Our experiences with cell-free fetal DNA and fetal cells in the maternal circulation may help to answer the first question. Preeclampsia is a pregnancy related disorder and is caused by apoptotic–necrotic shedding of cell-free debris from placental ischaemia into the maternal circulation. We found that both cell-free fetal and maternal DNA was increased in the preeclampsia [20]. The increments of both the cell-free fetal and maternal DNA levels corresponded to the degree of disease severity [20]. In addition, cell-free fetal DNA increased prior to the onset of preeclampsia, but not cell-free maternal DNA [21]. The number of fetal cells in the maternal circulation was also elevated in preeclampsia, but did not correlate with amount of cell-free fetal DNA in maternal plasma in preeclampsia [22]. However, cell-free fetal DNA has been found to be associated with placental syncytiotrophoblast microparticles (STBM), which are released into maternal blood stream during pregnancy [23]. The results suggest that exaggerated shedding of placental apoptotic and/or necrotic materials might be the main source of the high level of the cell-free fetal DNA, and also that the exaggerated inflammatory response and inappropriate endothelial activation of preeclampsia might be the main source of the high concentration of the maternal DNA. Along similar lines, the high level of cell-free plasma DNA in breast cancer could result from apoptosis and/or necrosis of tumour tissues. Using a methylation-specific tumour gene as a marker, Jahr et al. [24] were able to discriminate tumour and nontumour derived DNA in plasma. Tumour-derived cfDNA amounted to 3% of total cf DNA.

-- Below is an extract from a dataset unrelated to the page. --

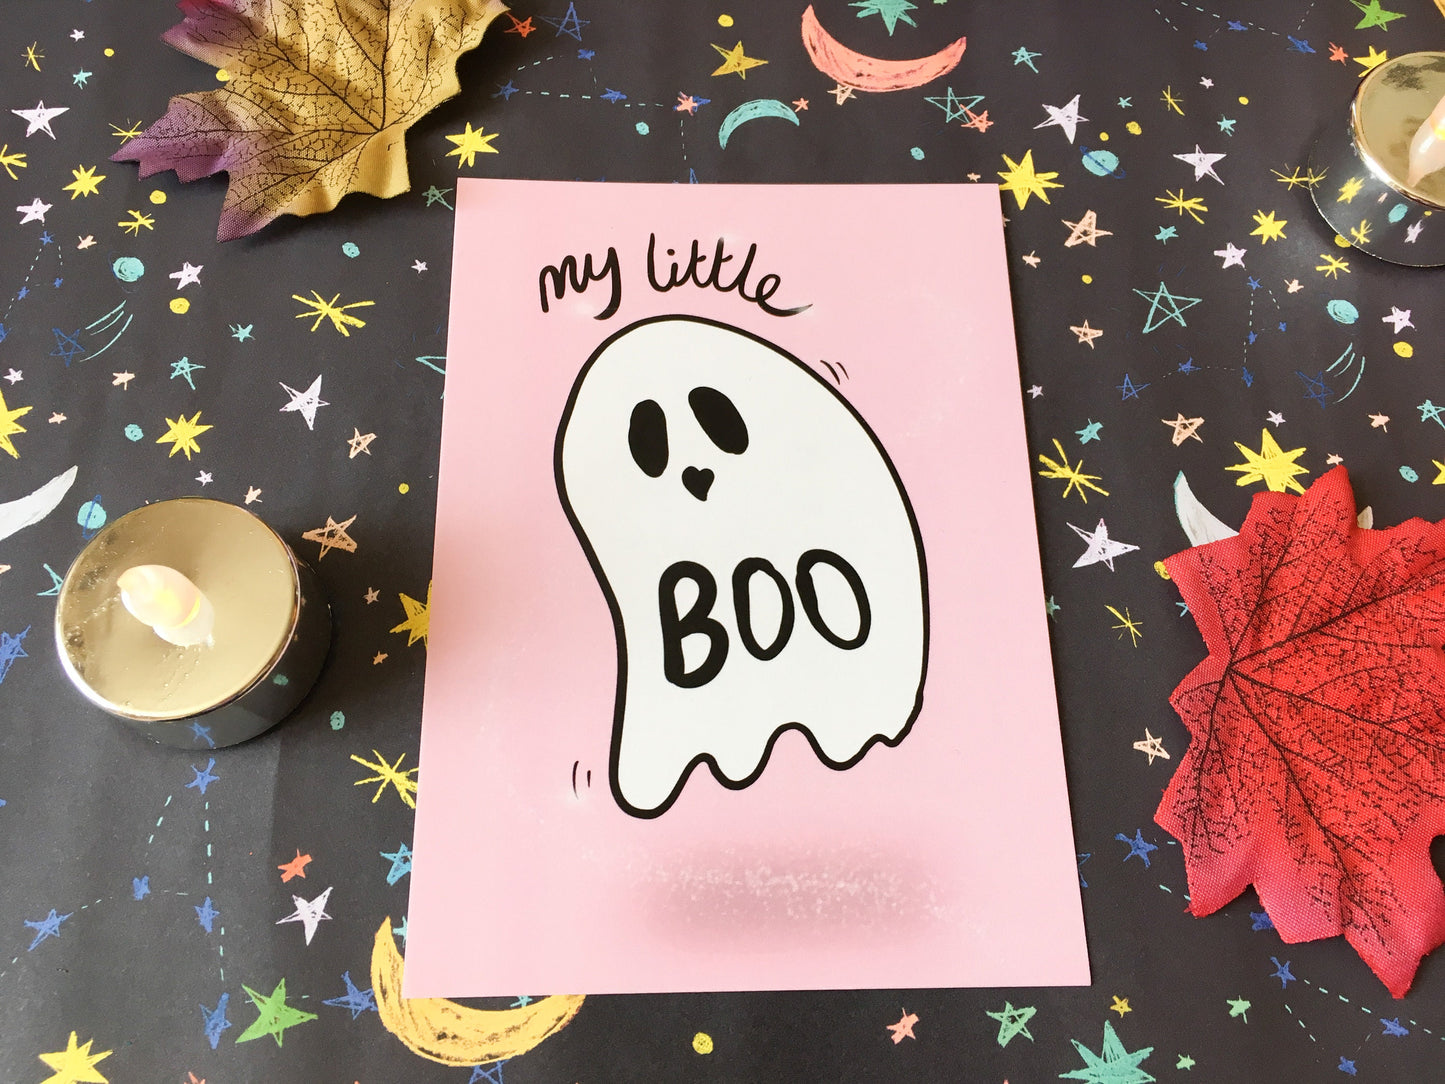 My Little Boo Postcard, Halloween Decor

Table 2 CfDNA in the plasma samples of patients with breast cancer is elevated with increased tumour size

Viruses are encapsulated nucleic acid (DNA or RNA) that can only replicate in living host cells. Some viruses can convert normal host cells into tumour cells by viral transformation. Regarding the question of what role cell-free tumour-derived DNA plays, whether it can play similar role as viruses in transforming normal cells into malignant cells remains unclear. Several studies have shown that tumour-derived DNA could be transferred from one cell to another via the phagocytosis of apoptotic bodies and is stable over time, suggesting that tumour-derived DNA plays a possible role in the development of metastasis, and that stem cells might be naturally transformed with dominant oncogenes shedding in the plasma as a result of dissemination [2528]. Thijssen et al. [18] reported that cell-free serum DNA was correlated with colorectal liver metastases. Garcia-Olmo et al. [29] were able to detect cell-free tumour DNA earlier and more frequently than circulating tumour cells in plasma samples of metastatic animal models, but neither the detection of tumour DNA in the plasma nor the presence of circulating tumour cells were strongly correlated with the presence of metastases.

In reference to the third question posed earlier, we compared the high level of cell-free plasma DNA with other traditional staging parameters, such as tumour size, lymph node involvement, extent of metastasis and predictive markers such as histological grades, receptor status and HER-2/neu. Tumour size and extent of spread are the most important factors in predicting the prognosis of a woman with this disease. High level of cell-free plasma DNA elevated in tumour size was found. A pronounced increase of cell-free plasma DNA in patients with lymph node involvement and distant metastases was observed.

In conclusion, our data suggest that using a robust Taqman real-time PCR, the level of cell-free plasma DNA in patients with breast cancer can be easily quantified and compared with normal individuals and patients with benign lesions. This may have diagnostic and prognostic value for malignant breast tumours. In addition, plasma sampling is much easier and less painful than bone marrow aspiration. Quantification of cell-free plasma DNA in patients with breast cancer could be considered for use in detecting occult tumour shedding before, during and after treatment. However, before the transition of a research technique to clinical use can be achieved, large-scale studies are needed to clarify the roles of the molecules in metastatic disease and to verify the value of its application in monitoring disease and evaluating prognosis. We believe that our findings provide a good platform for such future studies.